April 10, 2008
Rebuilding Afghanistan: Leaders in government, nonprofits study at Evans School
How do you rebuild a government when it’s been not merely damaged but literally blown up? When leaders and day-to-day civil servants have either been killed or scattered not just outside the capital city and regional towns but outside the country?
At the UW Evans School of Public Affairs, 15 Afghan government and nonprofit professionals are spending three months in intensive courses to help them rebuild Afghanistan after almost three decades of civil unrest, including 1996 to 2001, when the Islamic fundamentalist government of the Taliban ruled the country.
“We’re learning how to create a new civil service based on meritocracy,” said Ahmad Jamshid Arefi, 27. “Destruction is easy; rebuilding takes years. Unfortunately, we have lost both infrastructure and intellectual capacity.”
Arefi and his colleagues, 11 men and four women mostly in their late 20s and 30s, are part of the initial group of students in the Master of Public Policy and Administration program at Kabul University.
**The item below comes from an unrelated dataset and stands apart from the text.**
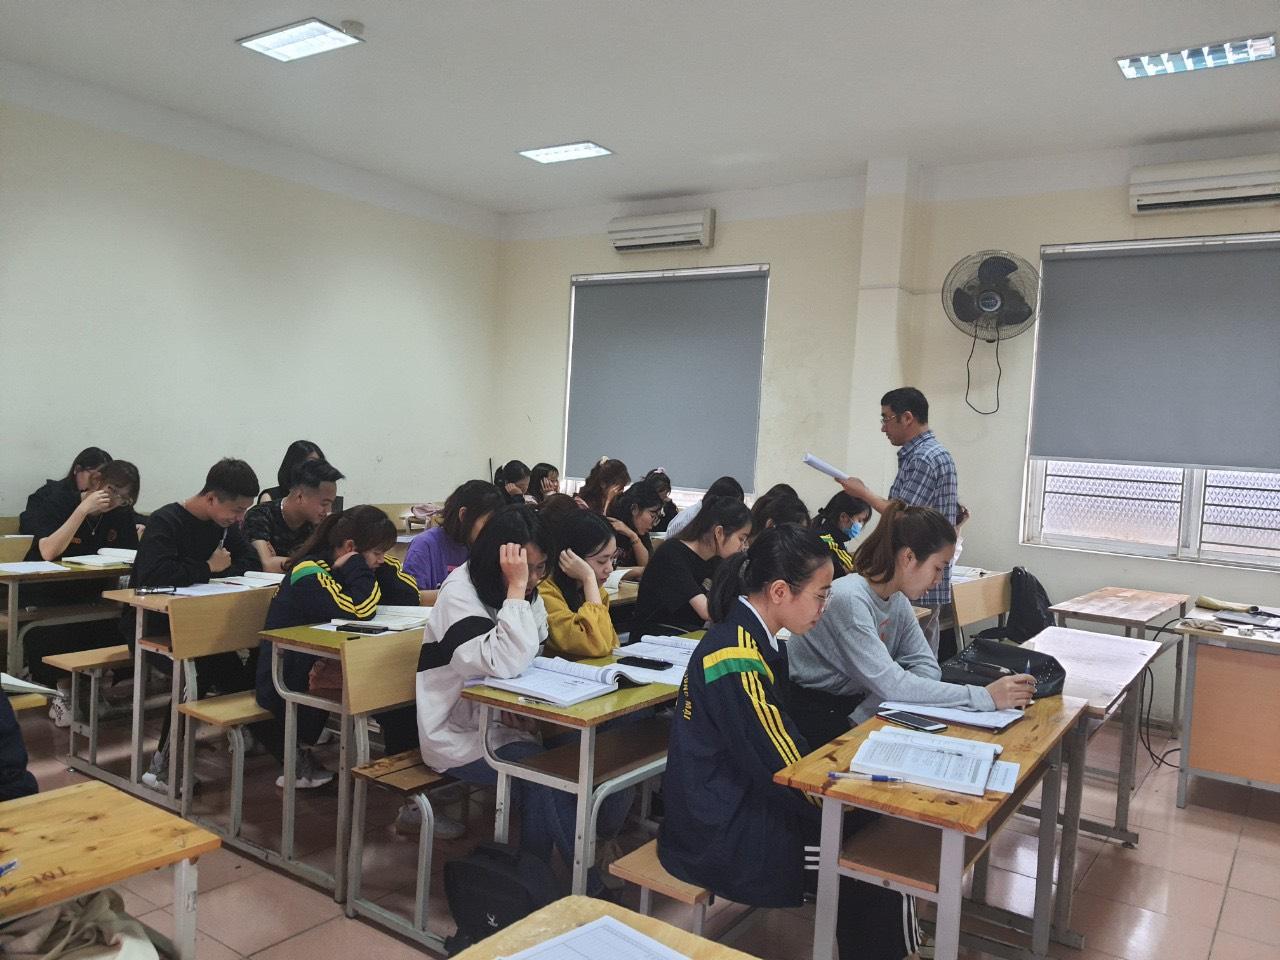 Tìm hiểu chương trình: Trao đổi sinh viên giữa HTT và Đại học Dongshin Hàn Quốc

Members also work in their country for organizations such as the United States Agency for International Development, the Afghan National Assembly, the United Nations, the Afghan ministry of finance and the country’s civil service commission.
At the UW, the students are studying leadership, management, economic development and public policy.
Professional jobs are hard to come by in Afghanistan, and people take what they can get as means of both supporting themselves and rebuilding the country, said Zarif Waez, 28.
He and his colleagues say that while the Afghan economy is growing, job creation is hampered by continuing violence, including resurgence of the Taliban.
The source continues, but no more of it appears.